• _Task goal_
Output all of the data exactly as it appears, but leave out any pictures it contains.

• _Data block_
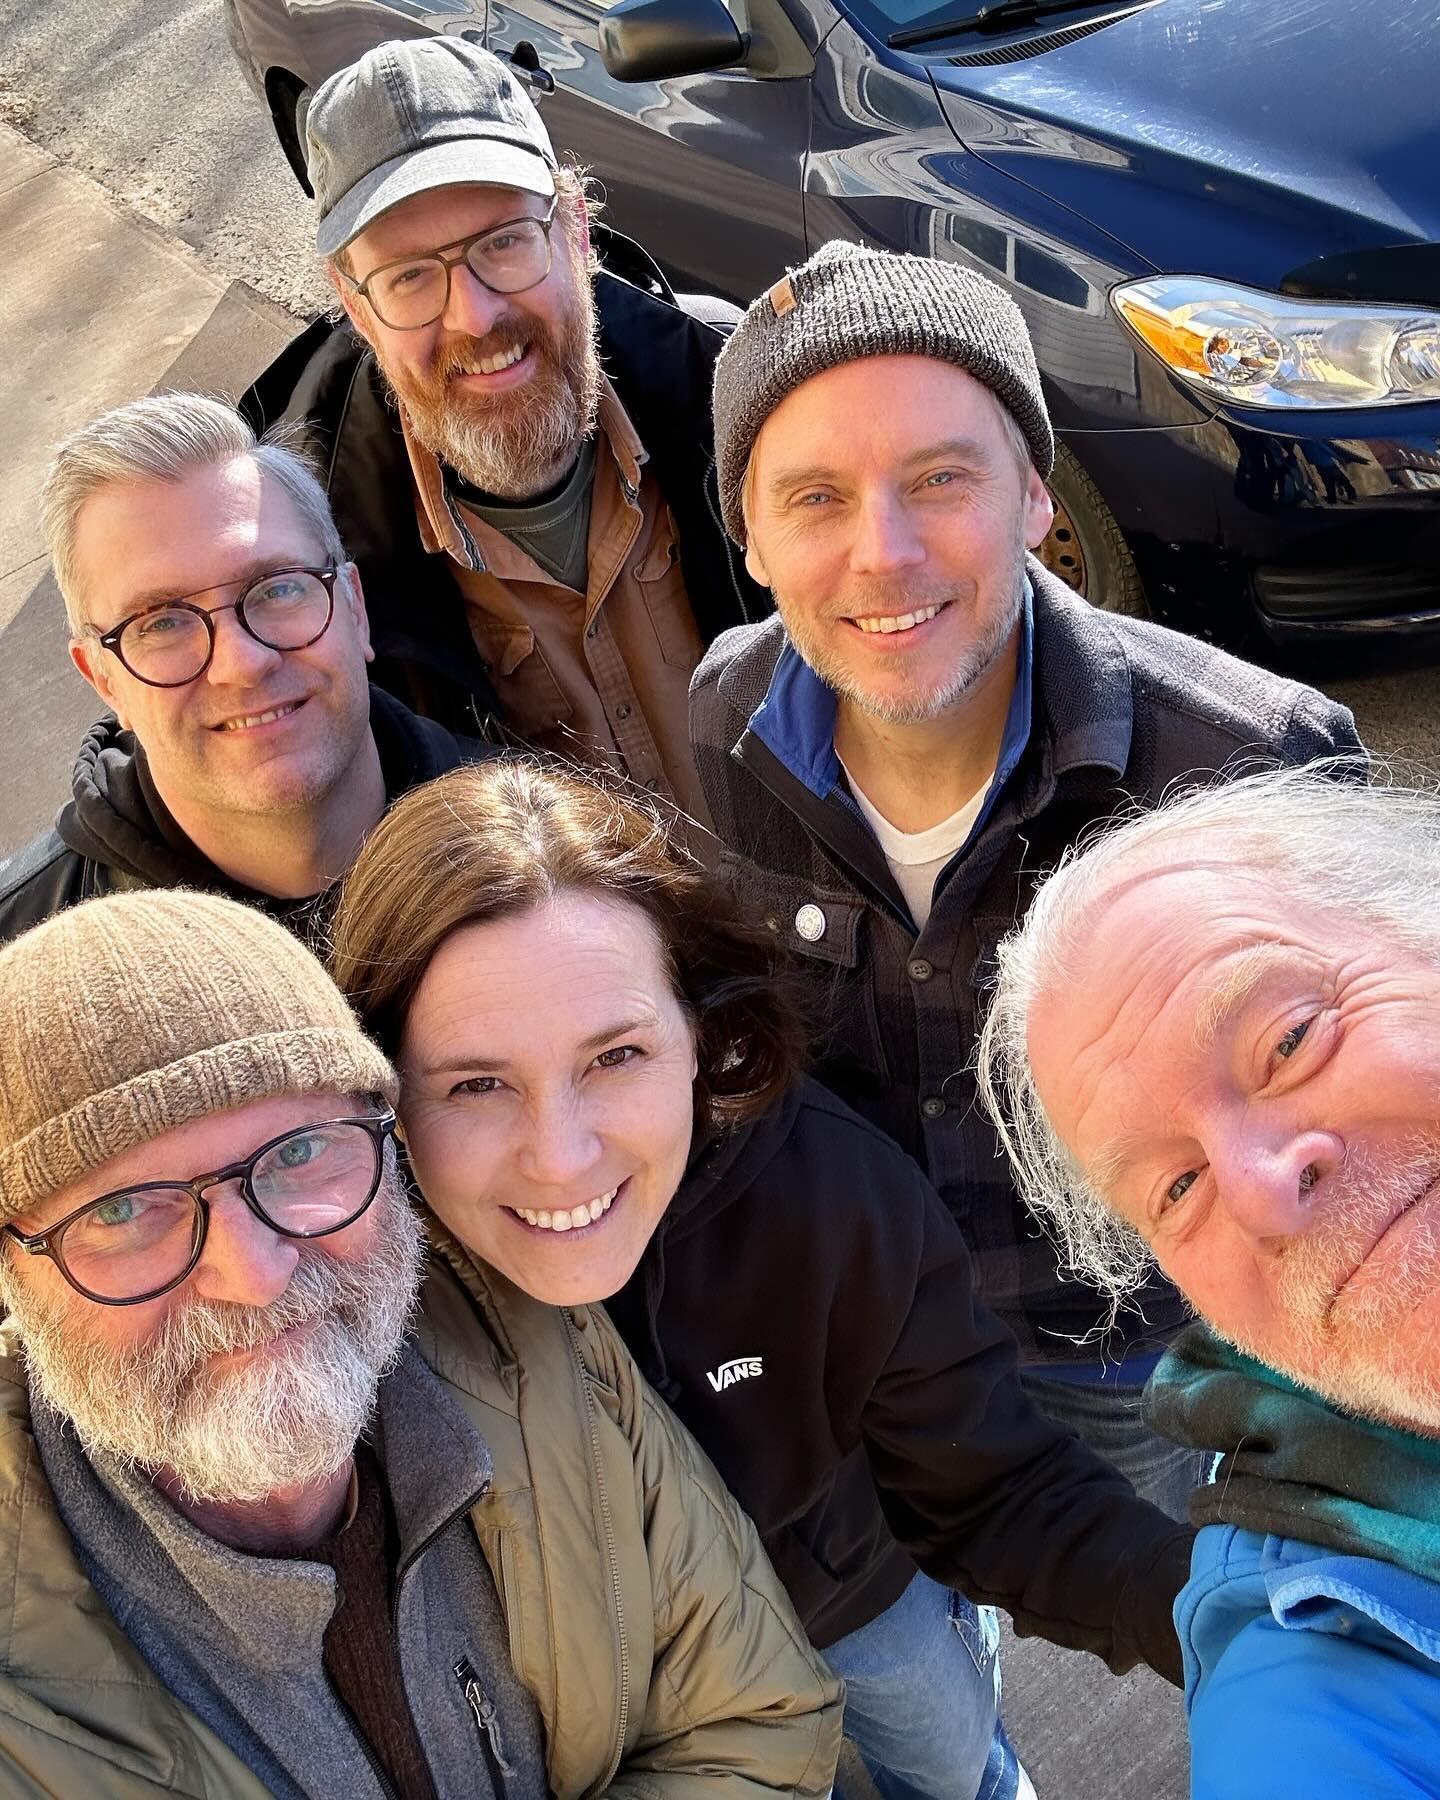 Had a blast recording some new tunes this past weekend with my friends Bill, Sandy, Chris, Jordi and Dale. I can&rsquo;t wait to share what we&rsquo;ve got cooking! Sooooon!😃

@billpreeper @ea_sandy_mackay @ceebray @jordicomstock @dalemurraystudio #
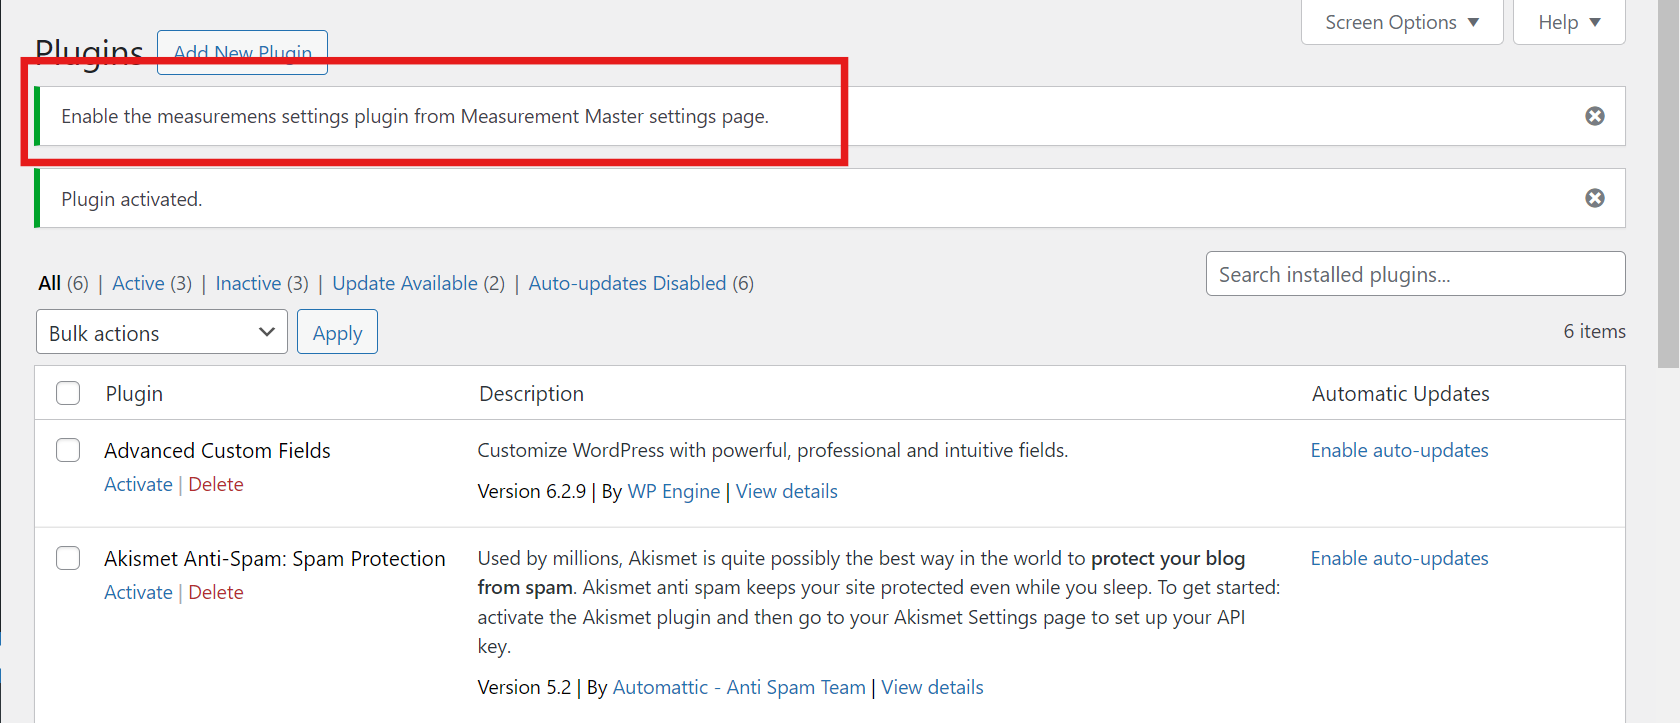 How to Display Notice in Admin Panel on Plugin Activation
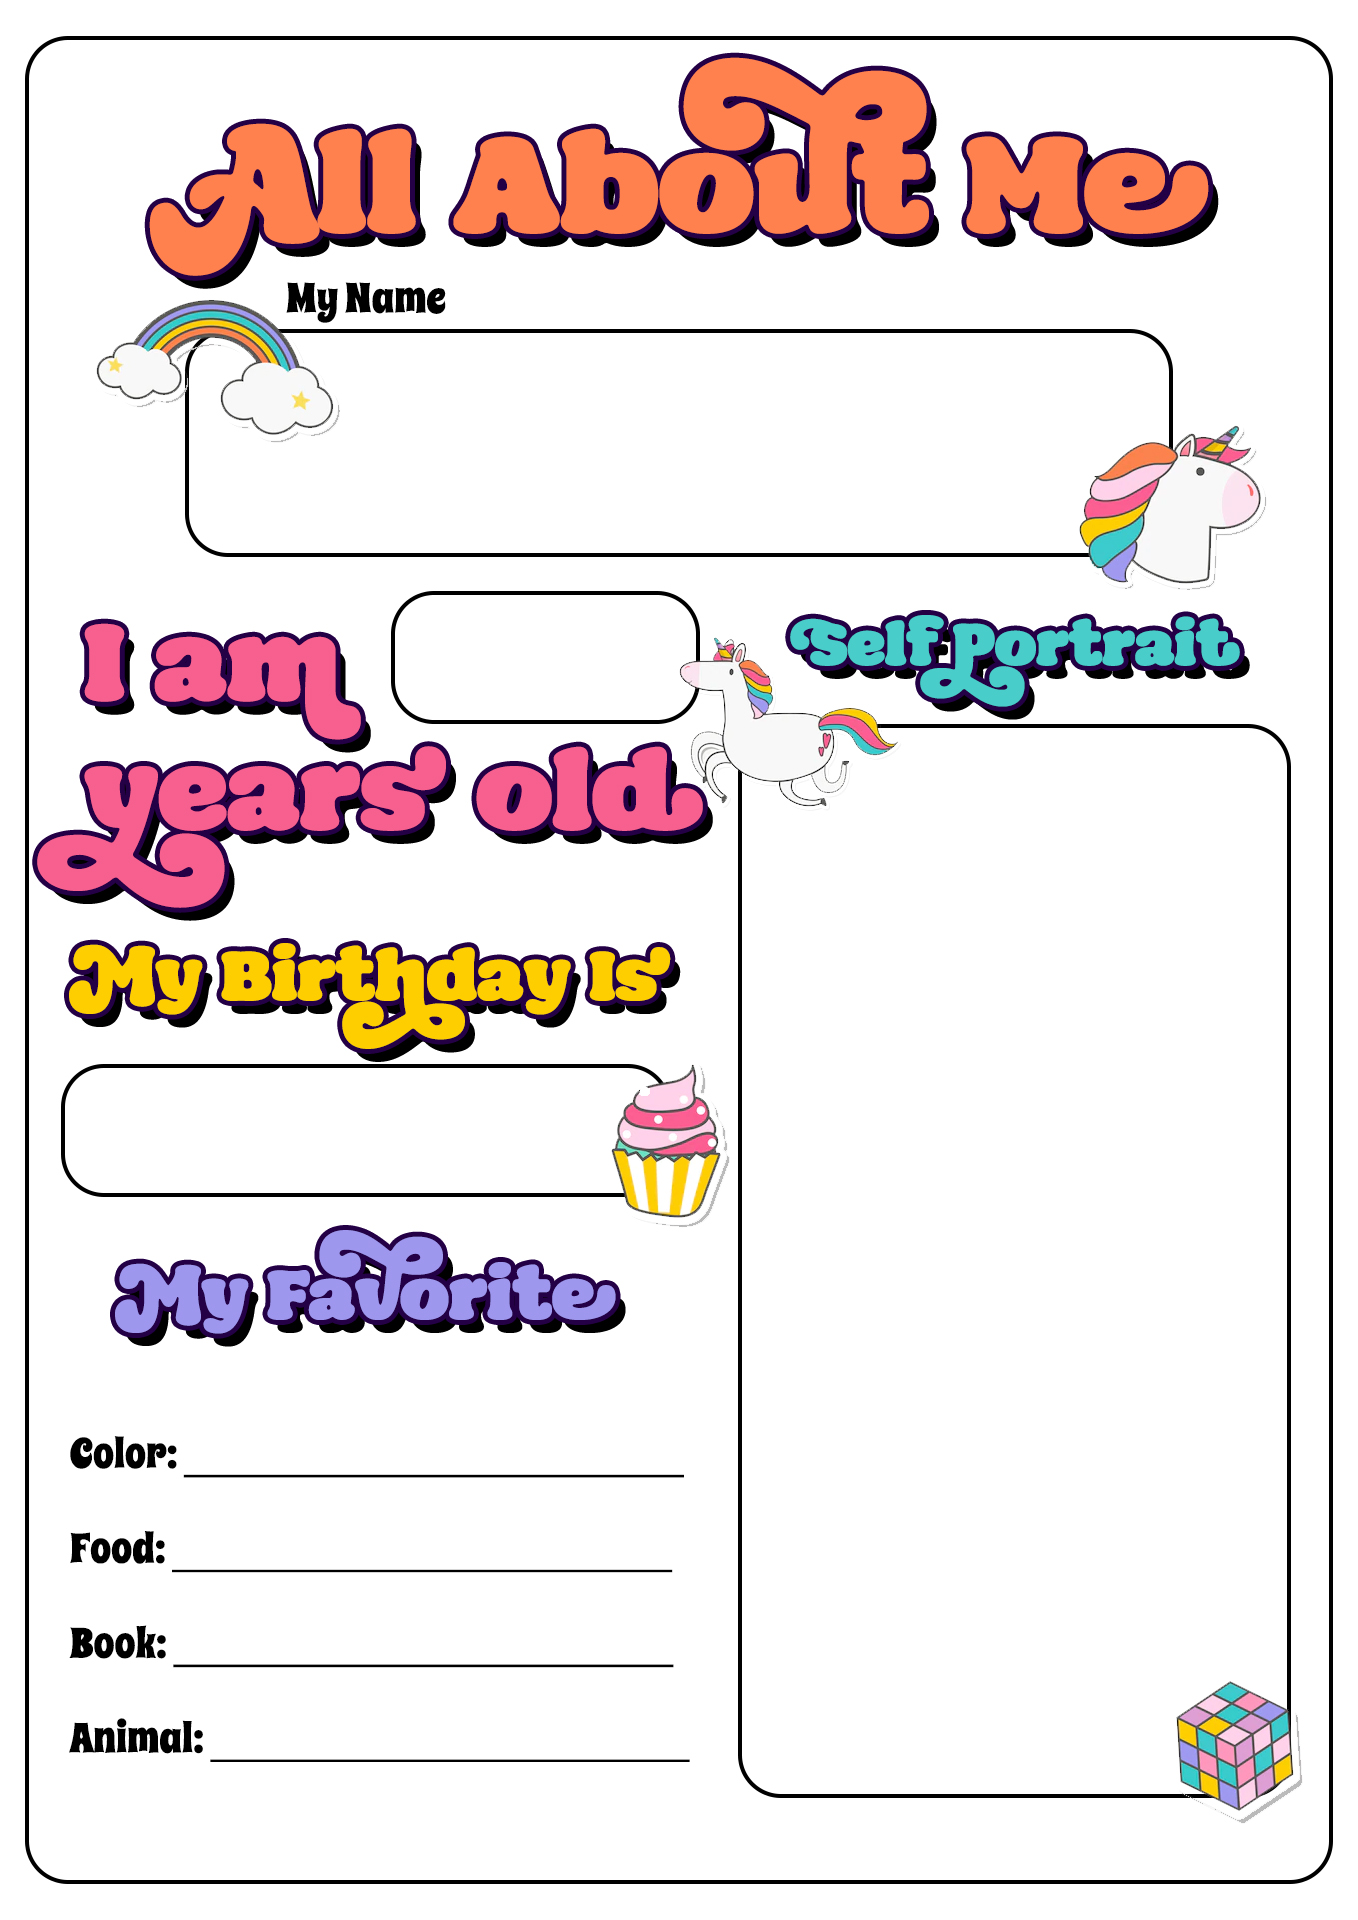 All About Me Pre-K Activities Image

• _Solution for this problem_
 Had a blast recording some new tunes this past weekend with my friends Bill, Sandy, Chris, Jordi and Dale. I can&rsquo;t wait to share what we&rsquo;ve got cooking! Sooooon!😃

@billpreeper @ea_sandy_mackay @ceebray @jordicomstock @dalemurraystudio #
 How to Display Notice in Admin Panel on Plugin Activation
 All About Me Pre-K Activities Image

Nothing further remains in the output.